Hugo Gonzalez seems to have the ability to strengthen and fight for a spot in the national team, but for that to happen he has to win back his starting place with Monterrey. I like him a lot and he's someone who came out of the Club America youth system, so he knows what it is like to play in a big team.

Then there are others that are young and aren't starters, but who in four years could be in the next World Cup. I'd pick out Carlos Acevedo at Santos, Carlos Felipe Rodriguez, who was the starter at Morelia and suddenly disappeared.

ESPN FC: Are you worried about perceived lack of opportunities for Mexican goalkeepers in Liga MX?

Sanchez: It worries me a lot. Mexico never used to bring in goalkeepers, and if you analyze it, there are a lot of Mexican teams that have foreign starters. I feel that it's clipped the wings of goalkeepers that could've found a place and improved not to be considered for only the national team, but also for European football.

ESPN FC: Is the current Mexican national team generation the best ever?

Sanchez: I think that this is a very important generation, which has the advantage that many of them were world champions at under-17 level and some were Olympic champions. Others are in European teams and have had the opportunity to play in different countries and that makes them stronger.

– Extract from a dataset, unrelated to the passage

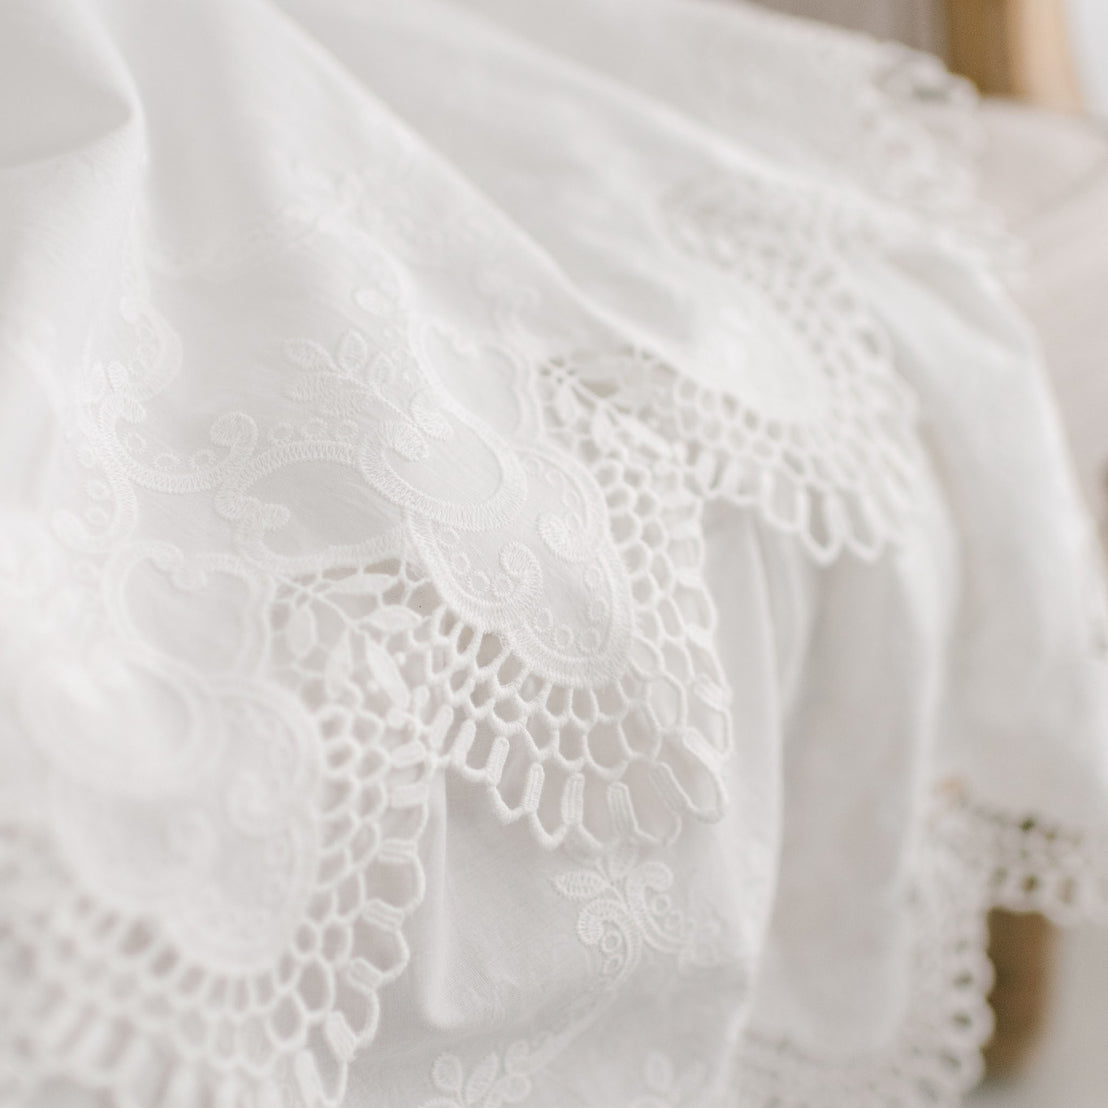 Close-up detail of the Lily Christening Gown skirt showcasing the two-tiered lace skirt with cotton eyelet lace and scalloped edges

It's when the World Cup is over that we'll really be able to determine whether it has been the best generation, but in terms of possibilities, development and experience, I think they have the advantage.

ESPN FC: How do you rate Osorio's time in charge of El Tri?

Sanchez: For me it has been very good and I'll tell you why. It is very simple: he has qualified for the World Cup strolling and with calm. It's true he has had two hurtful defeats -- the 7-0 against Chile in Santa Clara and that game against Germany in the Confederations Cup -- but it appears that he's a coach who has learned from his errors in running the national team and I think his project is now more solid.

He's not wedded to chasing games, he's looking to play with two holding midfielders, he's more measured and at the beginning he went a bit wild. I think that he's given the national team an important identity because he has created a positive synergy in positions. The fact that he plays one striker and then another in the next game has created internal competition.

ESPN FC: It seems that the requirements of the modern goalkeeper are changing rapidly with the emphasis on keepers being good with their feet. Would you agree with that?

Sanchez: Yes. It's clear that with tactical schemes today that being good with your feet is an advantage. But I'll tell you something else: it's important to be modern, but the most important thing is that the goalkeeper stops the ball going in.